A segunda alternativa exegética refere-se à responsabilidade subsidiária, em sentido próprio, do administrador e principal da pessoa jurídica. Como cediço, a maior característica da subsidiriedade é o benefício de ordem. Aqui, a pretensão do Fisco deve voltar-se primeiro contra a empresa; só depois é que o administrador será o alvo pretendido, mesmo que tenha atuado abusivamente ou com infração à lei. Essa posição não logrou adesões relevantes na doutrina e na jurisprudência.
Em seguida, têm a responsabilidade subsidiária da pessoa jurídica e principal do administrador. Tendo este atuado com excesso de poderes, ou infração de lei, contrato social, redundando, por exemplo, em inadimplemento tributário ou impontualidade, a responsabilidade – até então da pessoa jurídica – transfere-se para o administrador, tornando-se pessoal. É, pois, um caso de responsabilidade por transferência.
Sacha Calmon Navarro Coelho (2004, p. 746, grifos nossos) adota essa posição:
“Em suma, o art. 135 retira a ‘solidariedade’ e a ‘subsidiariedade’ do art. 134. Aqui [no art. 135], a responsabilidade se transfere inteiramente para os terceiros, liberando os seus dependentes e representados. A responsabilidade passa a ser pessoal, plena e exclusiva desses terceiros. Isso ocorrerá quando eles procederem com manifesta malícia (mala fides) contra aqueles que representam, toda vez que for constatada a prática de ato ou fato eivado de excesso de poderes ou com infração de lei, contrato social ou estatuto”.
Também Werther Botelho Spagnol (2004, p. 203) e Gelson Amaro de Souza (2001, p. 83) assumem a inteligência acima explanada. O STJ tem julgado nesse sentido:
“Tributário. Execução fiscal. Processual civil. Negativa de prestação jurisdicional. Não configurada. Ausência de prequestionamento. Súmula 211/STJ. Responsabilidade pessoal do sócio-gerente.

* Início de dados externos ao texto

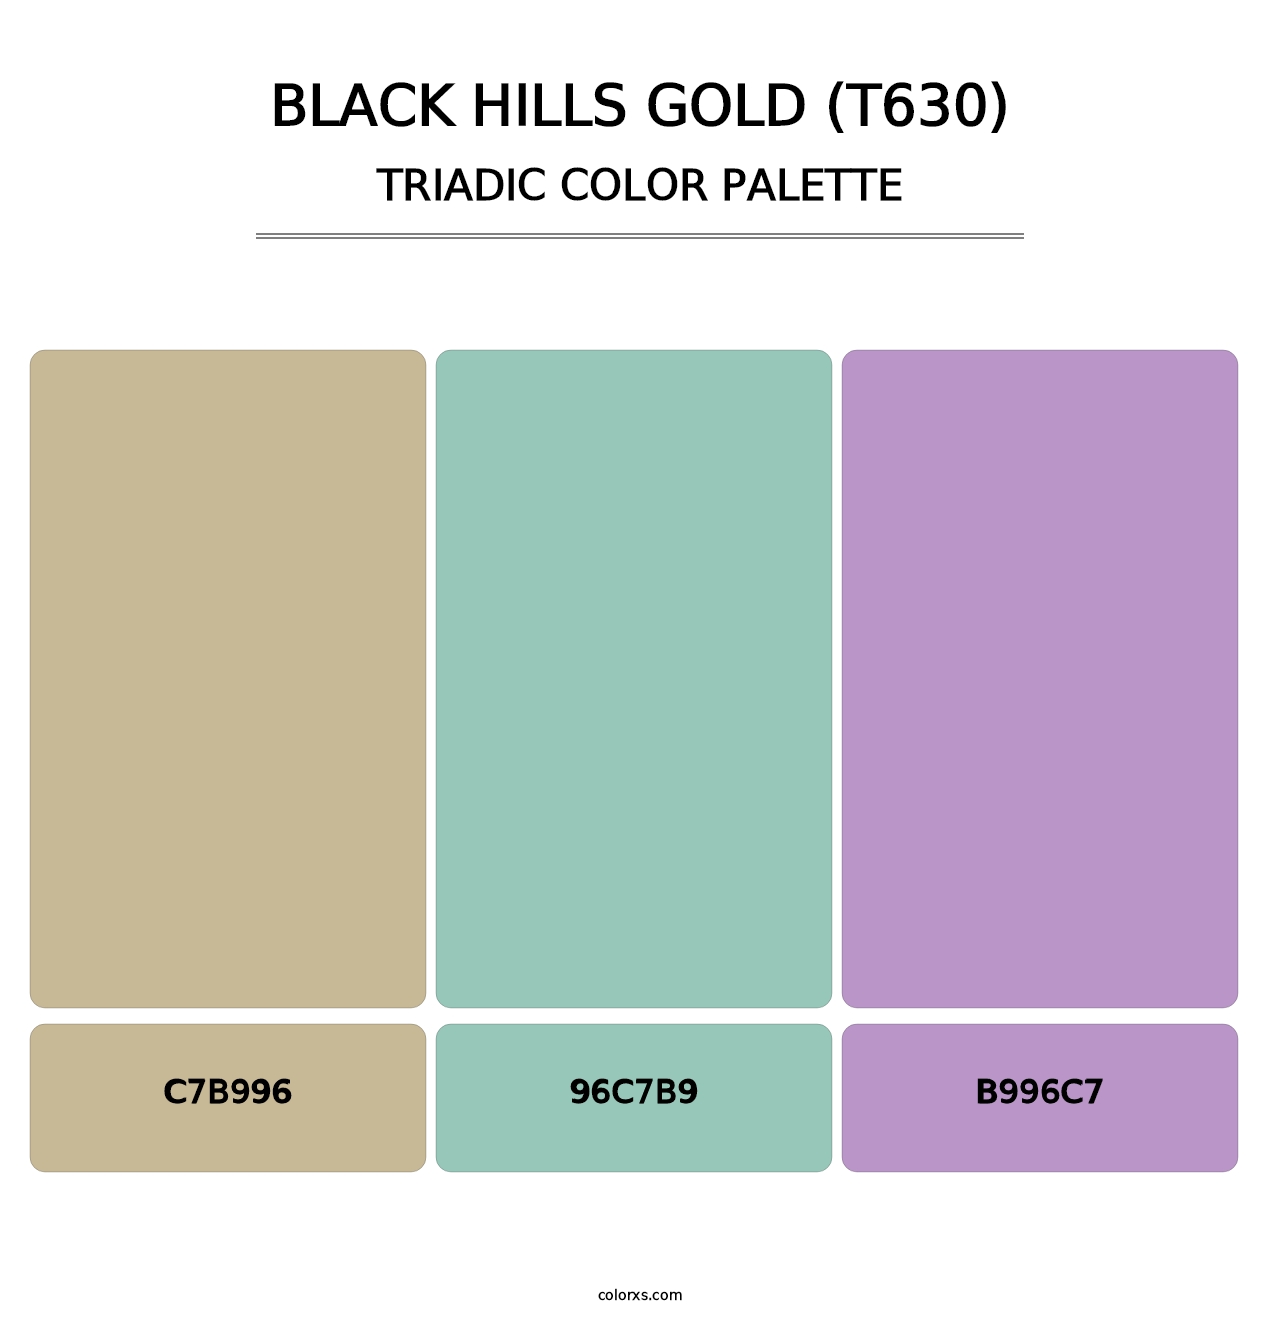 Black Hills Gold (T630) - Triadic Color Palette

Sistemática do art. 135 do CTN. Falta de pagamento de tributo. Não-configuração, por si só, nem em tese, de situação que acarreta a responsabilidade subsidiária dos sócios.[…]
3. Para que se viabilize a responsabilização patrimonial do sócio-gerente na execução fiscal, é indispensável que esteja presente uma das situações caracterizadoras da responsabilidade subsidiária do terceiro pela dívida do executado.
4. Segundo a jurisprudência do STJ, a simples falta de pagamento do tributo não configura, por si só, nem em tese, situação que acarreta a responsabilidade subsidiária dos sócios (EREsp374139/RS, Primeira Seção, Min. Castro Meira, DJ de 28.02.2005).
5. Recurso especial a que se nega provimento. (REsp 833621/RS, Primeira Turma, Rel. Min. Teori Albino Zavascki, DJ 29.06.2006, grifos nossos)”.
Outra opção posta à disposição do hermeneuta consiste na responsabilidade subsidiária, em sentido impróprio, do administrador. Nesta, a responsabilidade do administrador ficaria condicionada ao não-pagamento do tributo pela pessoa jurídica, mesmo que ele atuasse com excesso de poderes ou infração de lei, contrato social ou estatutos. Nesse diapasão, se o administrador praticou quaisquer das condutas enunciados no art.135, III, do CTN, havendo um débito tributário, e sendo este adimplido pela empresa, então não resta, por parte do administrador, qualquer resquício de responsabilidade. Tal teoria, às escâncaras, não obteve substancioso espeque doutrinário ou jurisprudencial.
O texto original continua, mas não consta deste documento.